The updated bill requires that water be drinkable, food be appropriate for the species and fit for consumption, and shelter be structurally sound and sized to protect a dog from injury while allowing the animal to stand, move around freely, and maintain normal body temperature.

It also raises the threshold for what’s considered proper food, water and shelter for animals.

“Right now, animals just have to have water,” Hansen said. “It can be a mud puddle. It can be a quarter of an inch with algae growing in it, with feces in it. That technically passes as water.”

One of the most important aspects of the bill is a change in language that holds someone accountable for not providing medical care that would prevent “unreasonable suffering” as opposed to “protracted suffering,” he said.

“It’s an average person’s understanding of what suffering is. So it’s intensity versus length of time, and it would allow a search warrant to be written sooner on these egregious cases,” he said.

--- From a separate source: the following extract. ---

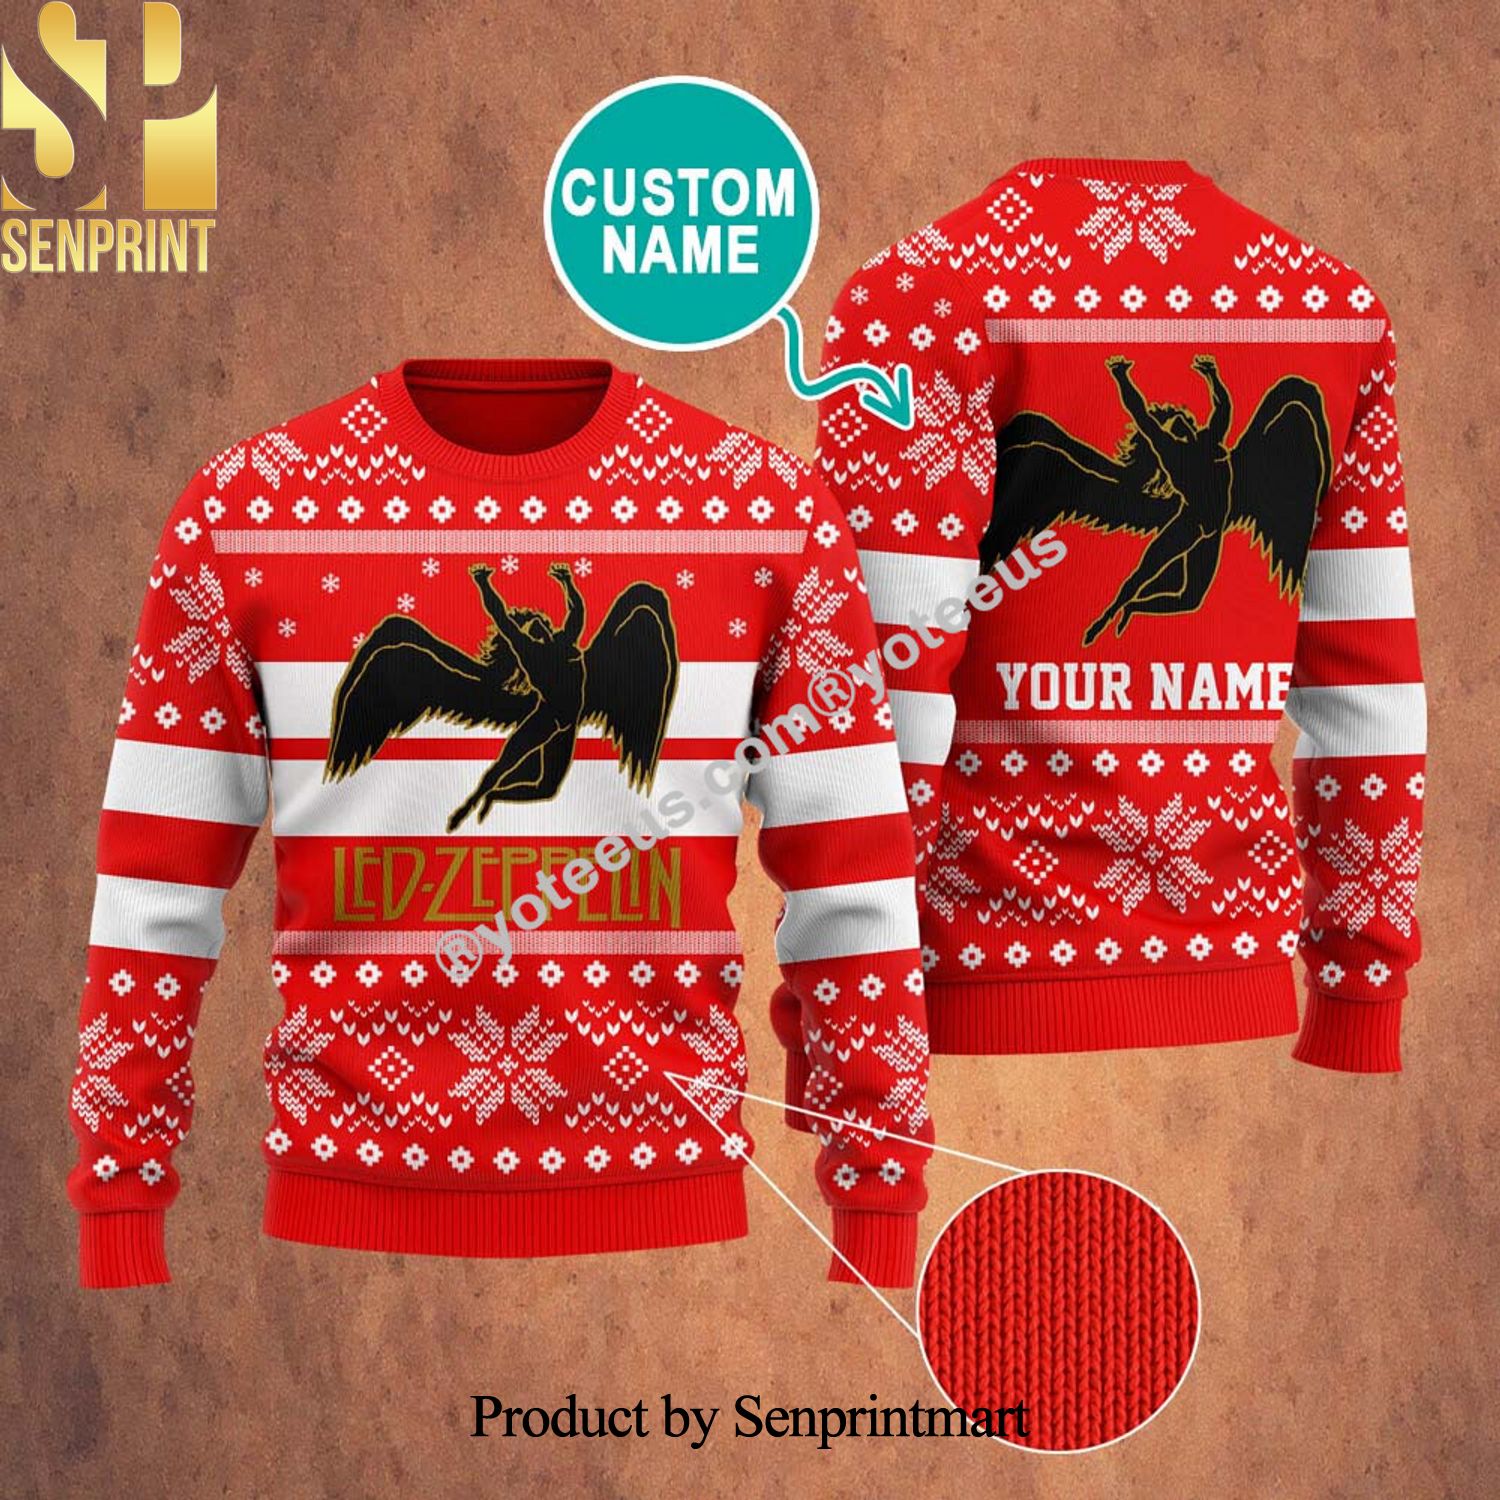 Ledzeppelin Rock Band Ugly Christmas Sweater

Bolick said the bill was crafted to provide more tools for law enforcement to quickly rescue animals and prosecute animal abusers.

“That was the impetus behind this, because law enforcement, they weren’t able to do anything,” Bolick said. “This will hopefully get them to where they need to.”

The bill doesn’t target homeless people with pets or farm animals. It’s only intended to focus on the most egregious cases of animal abuse, Hansen said.

“It is not your average ‘my dog has an ear infection’,” he said. “That would never rise to the level of a case under this legislation or any legislation.”